On Tue, 11 May 2021, Tamar Christina wrote:
> Hi All,
>
> We are looking to implement saturation support in the compiler. The aim is to
> recognize both Scalar and Vector variant of typical saturating expressions.
>
> As an example:
>
> 1. Saturating addition:
> char sat (char a, char b)
> {
> int tmp = a + b;
> return tmp > 127 ? 127 : ((tmp < -128) ? -128 : tmp);
> }
>
> 2. Saturating abs:
> char sat (char a)
> {
> int tmp = abs (a);
> return tmp > 127 ? 127 : ((tmp < -128) ? -128 : tmp);
> }
>
> 3. Rounding shifts
> char rndshift (char dc)
> {
> int round_const = 1 << (shift - 1);
> return (dc + round_const) >> shift;
> }
>
> etc.
>
> Of course the first issue is that C does not really have a single idiom for
> expressing this.
>
> At the RTL level we have ss_truncate and us_truncate and float_truncate for
> truncation.
>
> At the Tree level we have nothing for truncation (I believe) for scalars. For
> Vector code there already seems to be VEC_PACK_SAT_EXPR but it looks like
> nothing actually generates this at the moment. it's just an unused tree code.
>
> For rounding there doesn't seem to be any existing infrastructure.
>
> The proposal to handle these are as follow, keep in mind that all of these
> also
> exist in their scalar form, as such detecting them in the vectorizer would be
> the wrong place.
>
> 1. Rounding:
> a) Use match.pd to rewrite various rounding idioms to shifts.

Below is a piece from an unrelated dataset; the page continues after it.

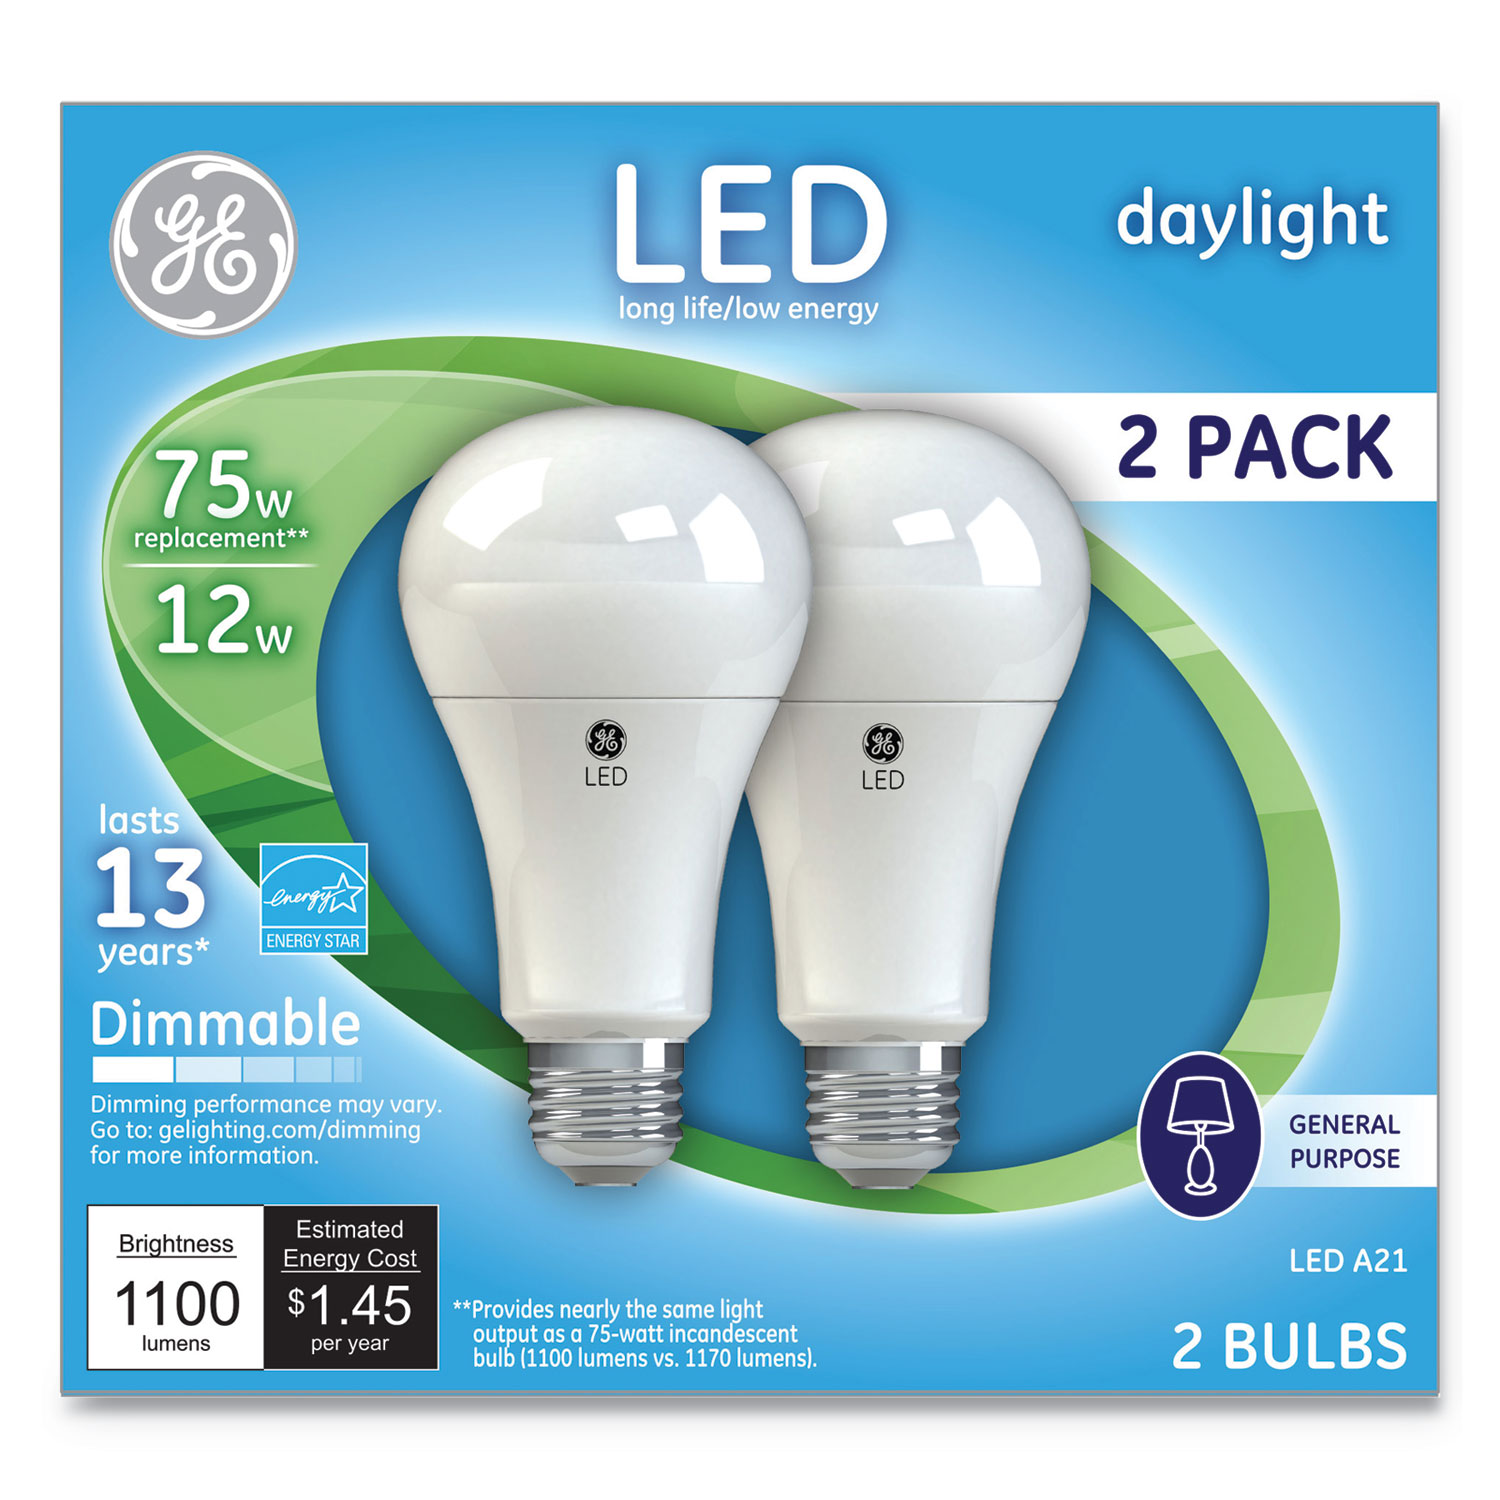  GE 66117 LED Daylight A21 Dimmable Light Bulb, 12 W, 2/Pack (GEL66117)

> b) Use backwards or forward prop to rewrite these to internal functions
> where even if the target does not support these rounding instructions
> they
> have a chance to provide a more efficient implementation than what would
> be generated normally.
>
> 2. Saturation:
> a) Use match.pd to rewrite the various saturation expressions into min/max
> operations which opens up the expressions to further optimizations.
> b) Use backwards or forward prop to convert to internal functions if the
> resulting min/max expression still meet the criteria for being a
> saturating expression. This follows the algorithm as outlined in "The
> Software Vectorization handbook" by Aart J.C. Bik.
>
> We could get the right instructions by using combine if we don't rewrite
> the instructions to an internal function, however then during
> Vectorization
> we would overestimate the cost of performing the saturation. The
> constants
> will the also be loaded into registers and so becomes a lot more
> difficult
> to cleanup solely in the backend.
>
> The one thing I am wondering about is whether we would need an internal
> function
> for all operations supported, or if it should be modelled as an internal FN
> which
> just "marks" the operation as rounding/saturating. After all, the only
> difference
> between a normal and saturating expression in RTL is the xx_truncate RTL
> surrounding
> the expression. Doing so would also mean that all targets whom have
> saturating
> instructions would automatically benefit from this.
>
> But it does mean a small adjustment to the costing, which would need to cost
> the
> internal function call and the argument together as a whole.
>
> Any feedback is appreciated to minimize the number of changes required to the
> final patch. Any objections to the outlined approach?
I think it makes sense to pattern-match the operations on GIMPLE
and follow the approach take by __builtin_add_overflow & friends.
Maybe quickly check whether clang provides some builtins already
which we could implement.
There's some appeal to mimicing what RTL does - thus have
the saturation be represented as saturating truncation.
Maybe that's what users expect of builtins as well.
I'm not sure what the rounding shift would do - 'shift' isn't
an argument to rndshift here. It feels like it's a
rounding division but only by powers of two. Does
ROUND_DIV_EXPR already provide the desired semantics?
Richard.